The first step in modeling a dynamic process is to define the set of states over which it can range and to characterize the mechanisms that govern its transitions.  The state is like a snapshot of the system at a point in time.  It is an abstraction of reality that describes the attributes of the system of interest.  Time is the linear measure through which the system moves, and can be thought of as a parameter.  Because of time there is a past, present, and future.  We usually know the trajectory a system has followed to arrive at its present state.  Using this information, our goal is to predict the future behavior of the system in terms of a basic a set of attributes.  As we shall see, a variety of analytic techniques are available for this purpose.
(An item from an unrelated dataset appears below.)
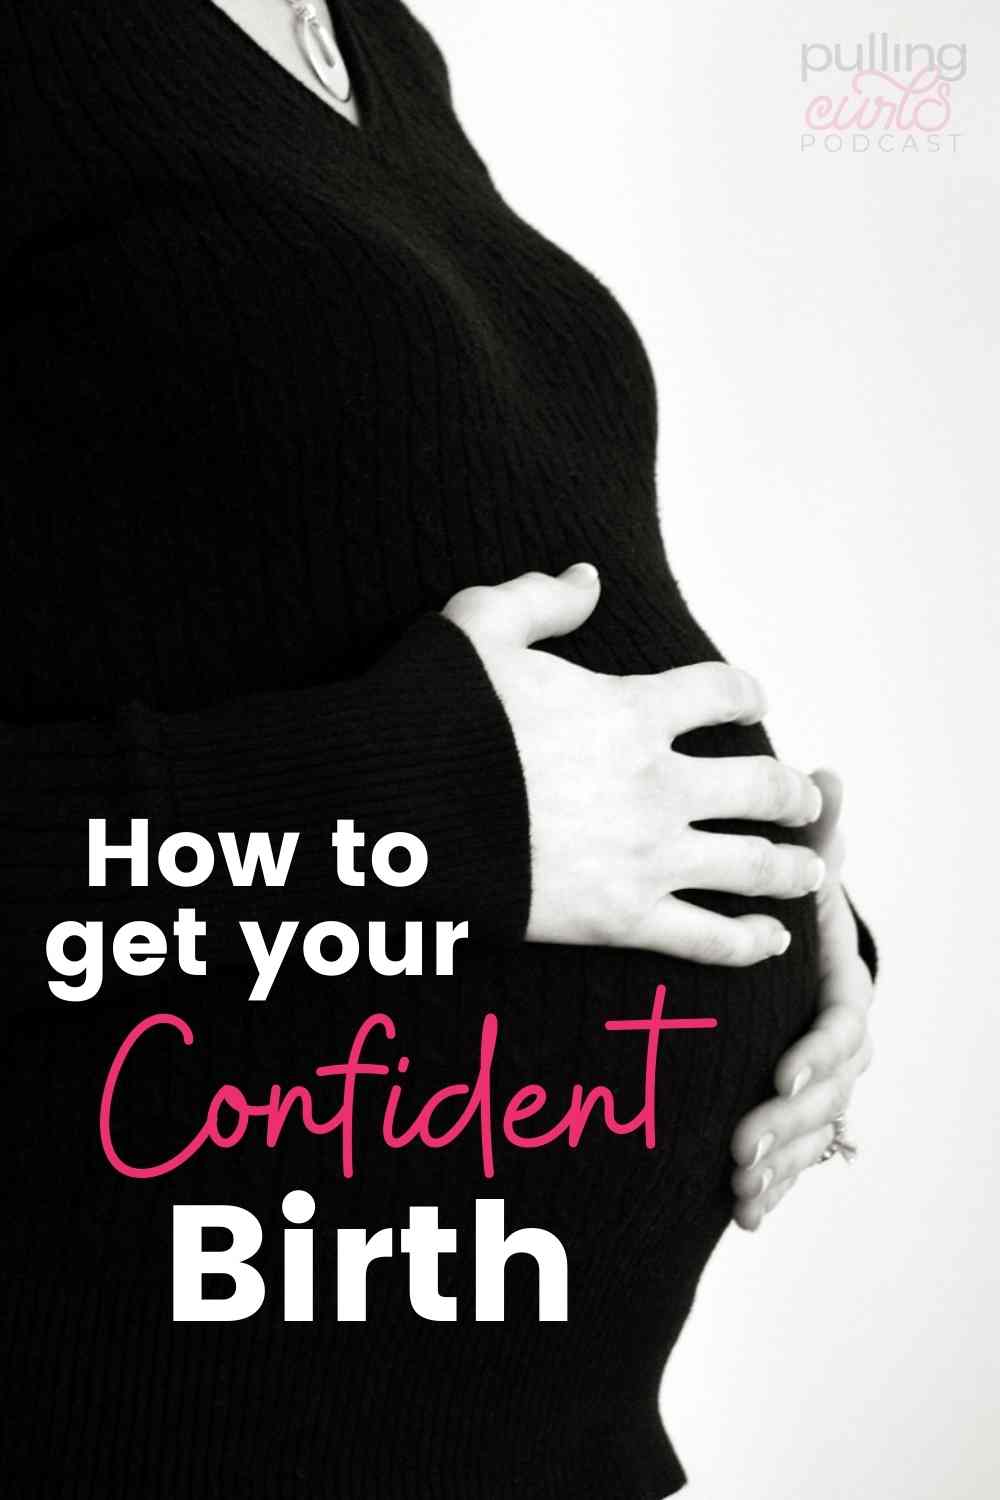 What can you do NOW to help you create your confident birth. Today we talk with a graduate of The Online Prenatal Class for Couples about her birth experience and what helped her feel confident. via @pullingcurls

From a modeling point of view, state and time can be treated as either continuous or discrete.  Both theoretical and computational considerations, however, argue in favor of the discrete state case so this will be our focus. We consider both discrete time and continuous time models. To obtain computational tractibility we assume that the stochastic process satisfies the Markov condition. That is, the path the process takes in the future depends only on the current state, and not the sequence of states visited prior to the current state. For the discrete time system this leads to the Markov Chain model.  For the continous time system the model is called a Markov Process.

The model of a stochastic process describes activities that culminate in events.  The events cause a transition from one state to another.  Because activity durations are assumed to be continuous random variables, events occur in the continuum of time.  This section provides the vocabulary used in conjunction with a continuous time stochastic processes along with an example in which the model is useful. Two other sections in this Modeling part of the site will focus respectively on Markov Chains and Markov Processes.